**DATA SECTION**
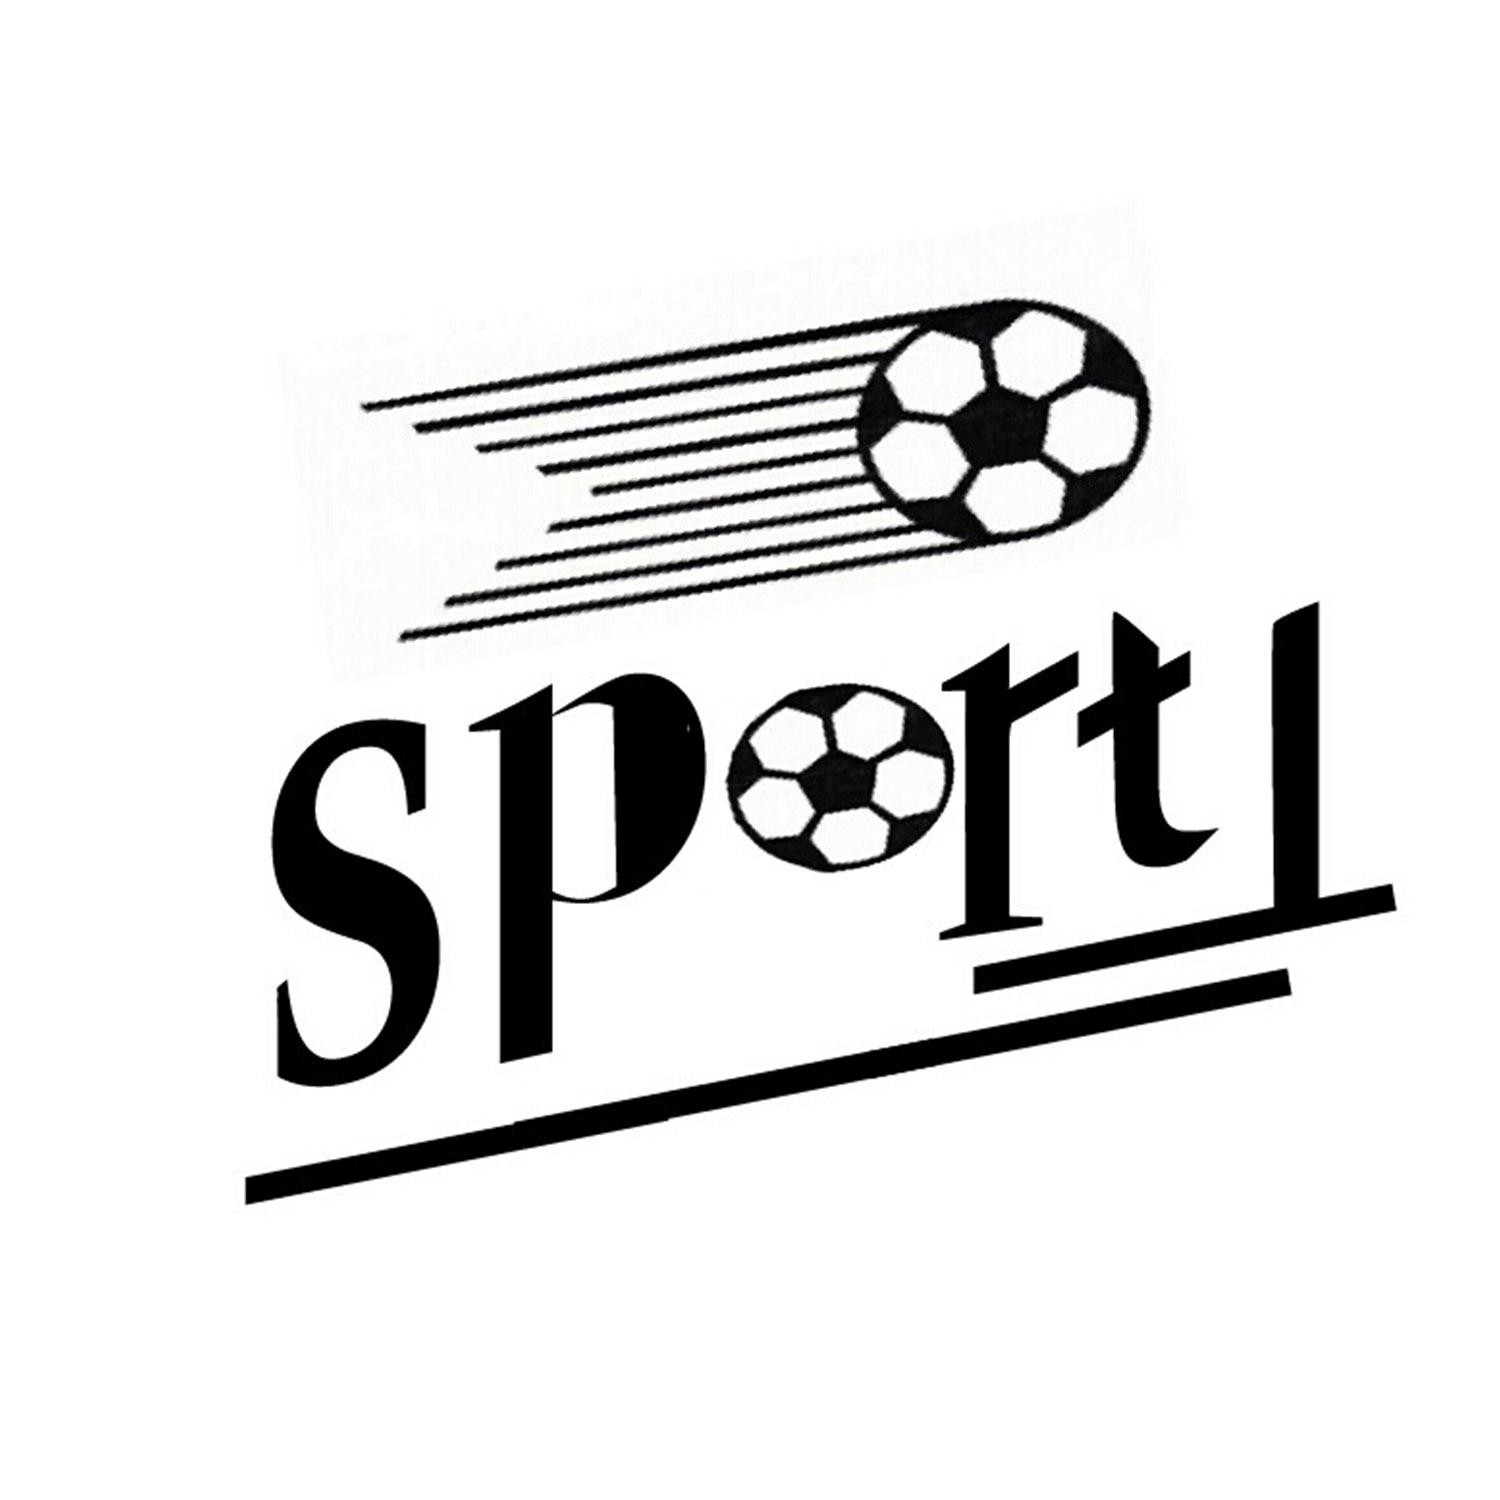 sport字体图片图片
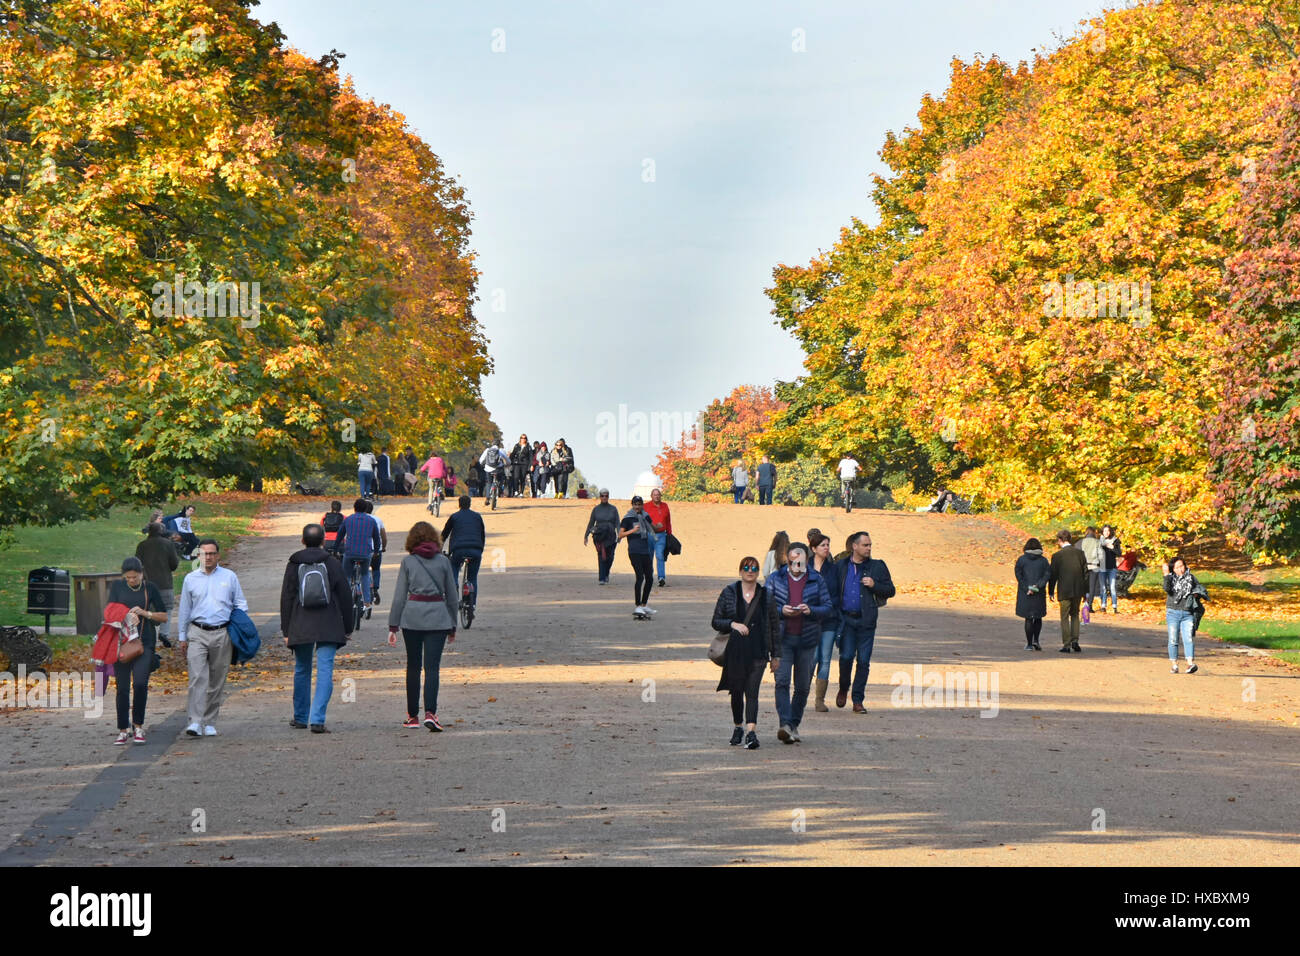 London park l'automne dans les jardins de Kensington la large marche flanquée par les arbres d'automne Londres Angleterre Royaume-uni londoniens et touristes marcher au soleil Banque D'Images
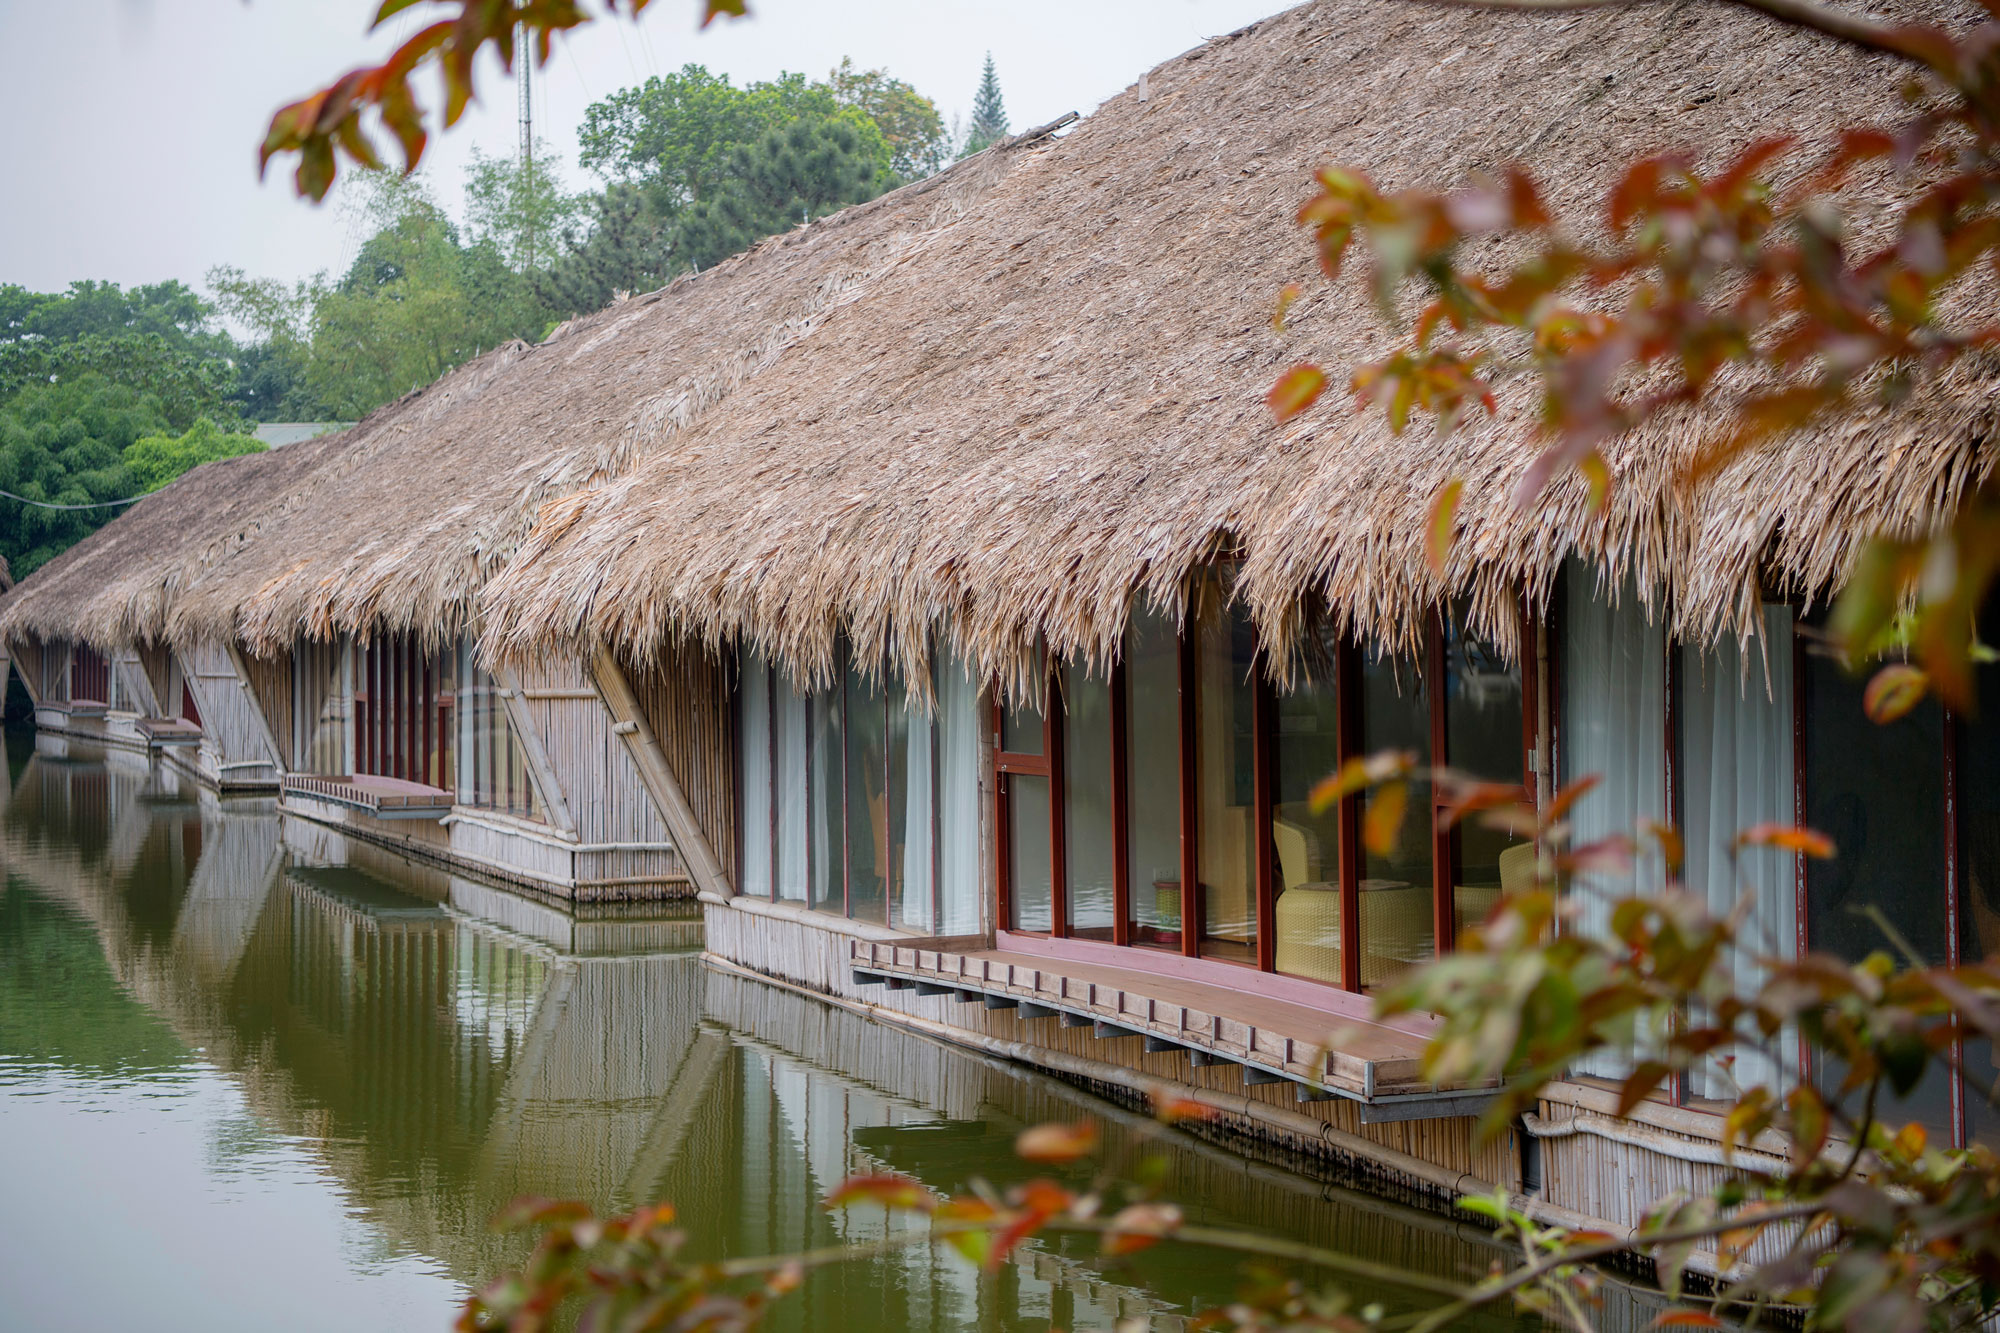  Thảo Viên Resort: Khu nghỉ dưỡng lãng mạn gần Hà Nội

**TASK**
Retype all the material word for word while skipping any picture it contains.

**REPLY TO THE EXERCISE**
 sport字体图片图片
 London park l'automne dans les jardins de Kensington la large marche flanquée par les arbres d'automne Londres Angleterre Royaume-uni londoniens et touristes marcher au soleil Banque D'Images
  Thảo Viên Resort: Khu nghỉ dưỡng lãng mạn gần Hà Nội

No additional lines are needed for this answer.